An ARLnow investigation of the events of those crucial weeks in spring 2018 sheds a bit more light on how the county won that veto, and how business is conducted down in the state capitol. This account is based both on interviews with many people close to the debate and a trove of emails and documents released via a public records request (and published now in the spirit of “National Sunshine Week,” a nationwide initiative designed to highlight the value of freedom of information laws).
Crucially, ARLnow’s research shows that the process was anything but smooth sailing for the county, as it pit Arlington directly against the club’s members.
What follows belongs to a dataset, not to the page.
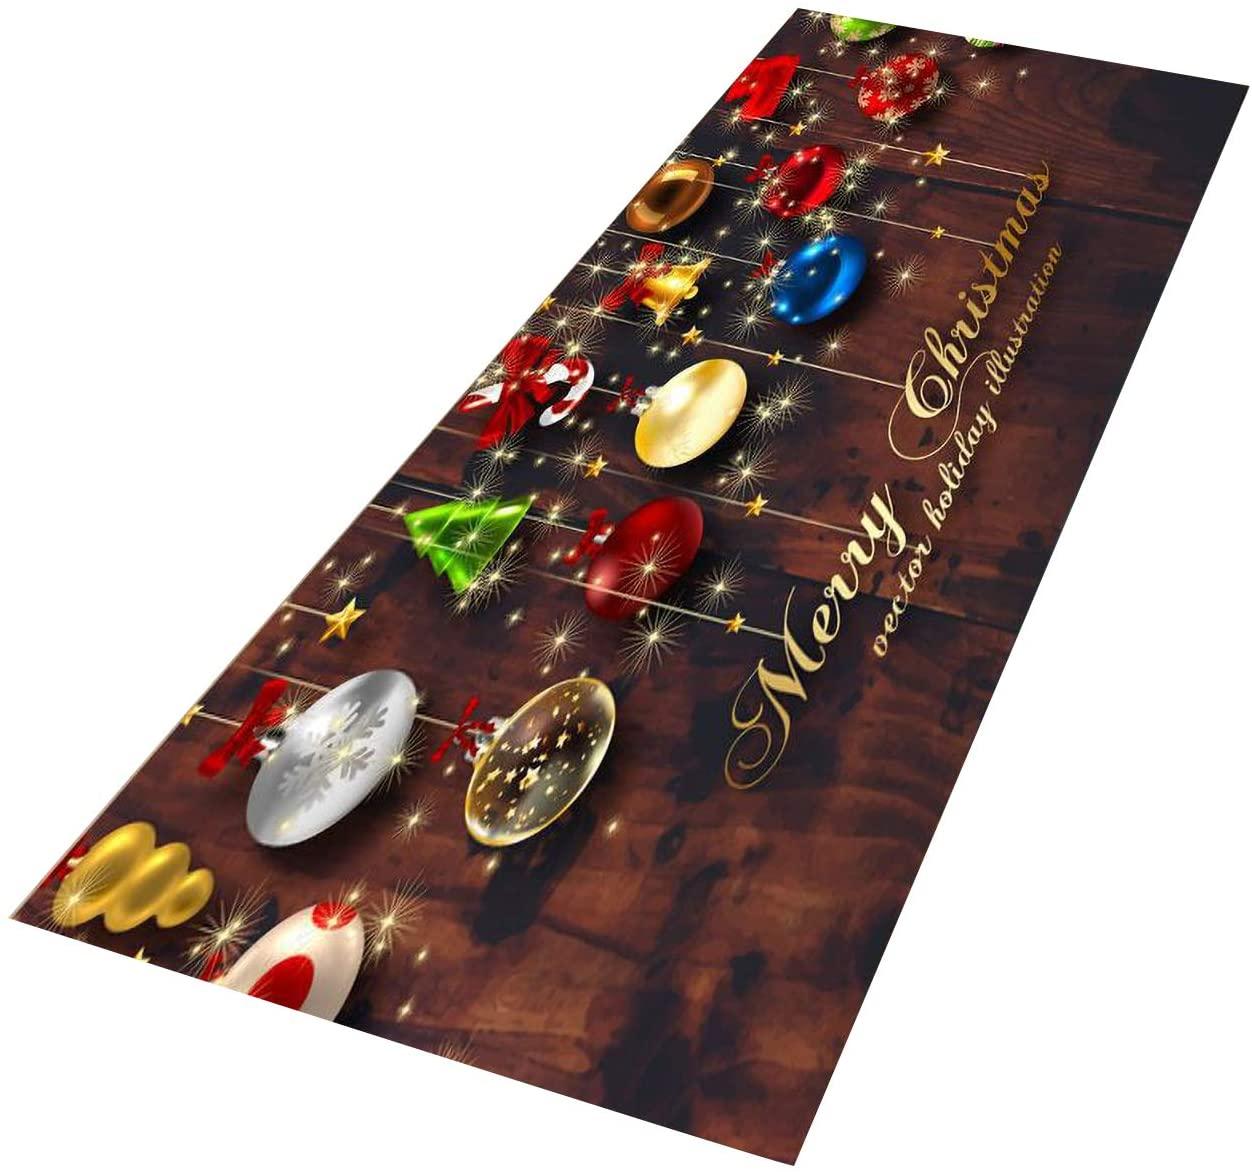 Crafttable 2 Pieces Merry Christmas Kitchen Rug Set, Anti-Fatigue Kitchen Floor Mat, Non Slip Standing Carpet, 15.7x23.6+ 15.7x47.2 in, 32

Many of them exercise plenty of political influence across the region and the state, and documents show they were able to lean heavily on Northam himself.
“One would expect a Democratic governor to be highly responsive to one of most Democratic jurisdictions in the state,” said Stephen Farnsworth, a professor of political science at the University of Mary Washington in Fredericksburg. “But this was a matter of great concern to a bunch of very important people in Virginia, and that may well be the reason why additional efforts were necessary.”
And, looking forward, the bitter fight over the issue could well have big implications should similar legislation ever resurface in Richmond.
“Structurally, this bill could absolutely come back someday,” Cristol said. “And the idea that a bill that has such deleterious consequences for land use and taxation in jurisdictions across Virginia could come back and garner support because of an effective lobbying interest is very much a real threat.”